【決算特別委員会第2分科会 −平成18年10月27日−】
○遠藤委員
私の方からは、大きく分けて二点お伺いいたします。
まず最初は、都立高校の教育環境の改善、とりわけ冷房設備の導入についてであります。
平成十七年度の教育庁の決算説明書、一一七ページに施設整備費とございます。この中には盲・ろう・養護学校の環境改善事業があります。この事業は、盲・ろう・養護学校の普通教室に計画的に冷房施設の設置を進める、こういうものですが、十七年度をもちまして、この事業すべて、盲・ろう・養護学校の普通教室に冷房設備の整備が完了した、こういうことでございます。
近年の夏の暑さは、皆様方も本当によく体感するとおり、昔の暑さとは全く質が違うわけであります。
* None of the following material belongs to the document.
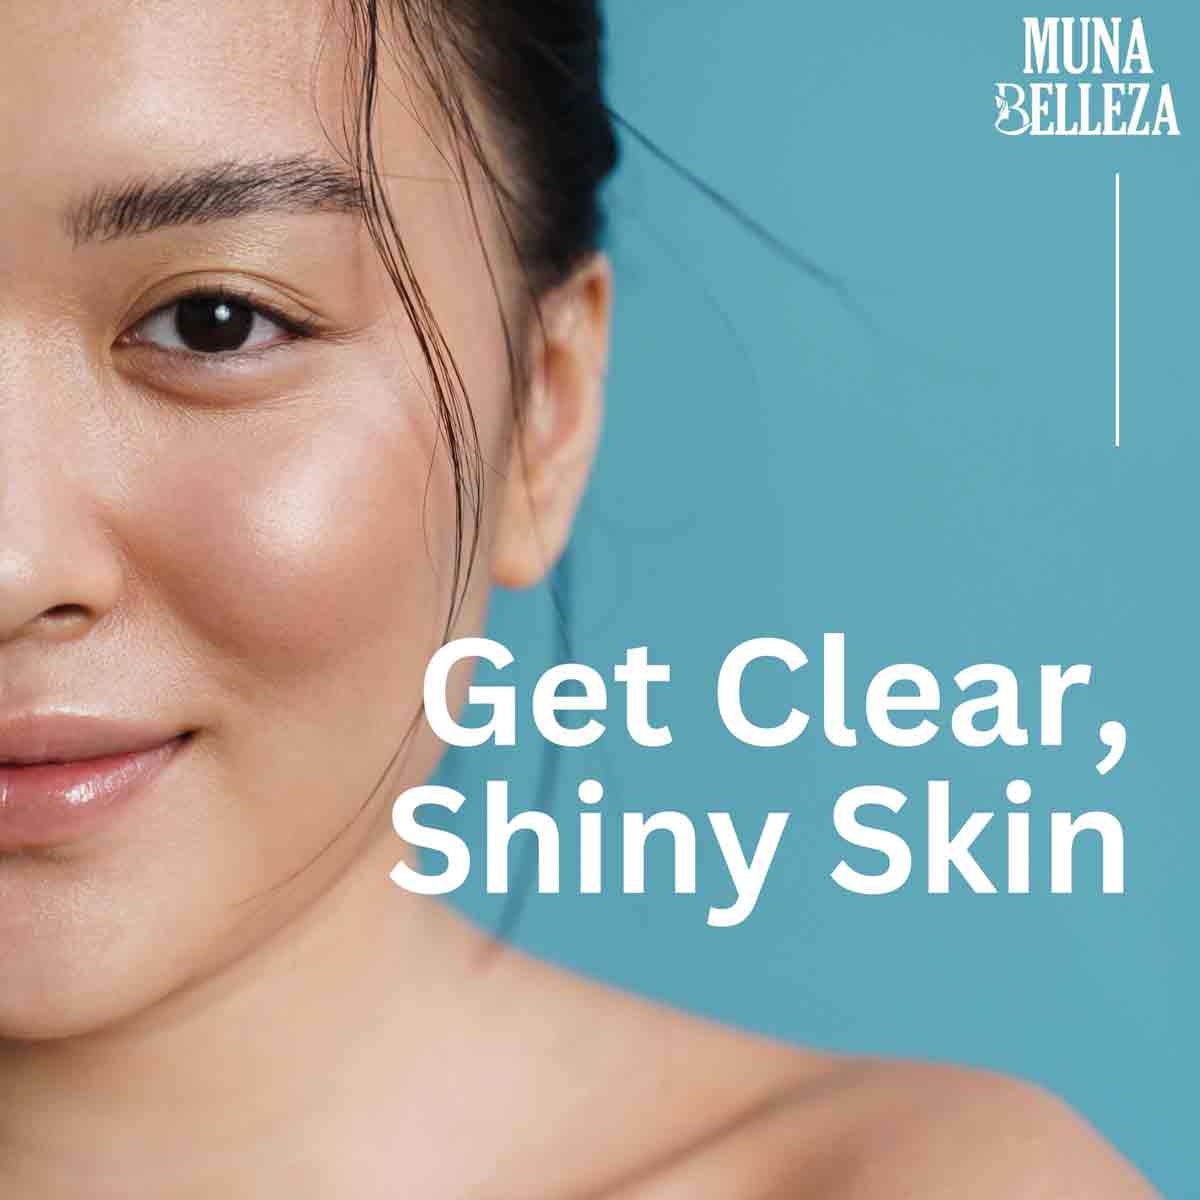 Close-up of a woman's half-face with clear, glowing skin and the text 'Get Clear, Shiny Skin' beside the Muna Belleza logo.

また期間も大分長いということで、こうした気象状況等々も踏まえて、私の地元の大田区では、ことしの夏から区内のすべての小中学校の普通教室に冷房が入るということになりました。区部を初め、他の県でも、都市部では次々と小中学校については普通教室の冷房化、着実に進んでおるという現状がございます。
また、一方、高等学校における冷房の普及状況について見ますと、都内の私立高校につきましては、ほぼ一〇〇%に近い状況でありますし、他府県の公立高校においても、都市部を中心にほぼ全国的な動きとなっておりまして、行政の設置以外でも、PTAによる自主設置なども加えて、さまざまな形で普通教室への冷房設備の普及整備が進んでおるわけでございます。
しかしながら、残念ながら、東京都におきましては、都立高校の普通教室の冷房設備の整備につきましては、これまで極めて限定的でございました。航空機騒音や高速道路、または幹線道路沿いにある学校といった、いわば交通量の交通騒音が高いところ、こうしたところでは学校に整備されておりますけれども、それ以外の約三分の二の学校はほとんど冷房がないという中で、まさしく苦学しているというのが現状であります。
昨今、夏場の教育活動を取り巻く環境が大きく変わっている中で、都立高校におきましても、普通教室の冷房化、冷房設置に対する生徒や保護者、そして先生方の要望がますます切実な問題となっております。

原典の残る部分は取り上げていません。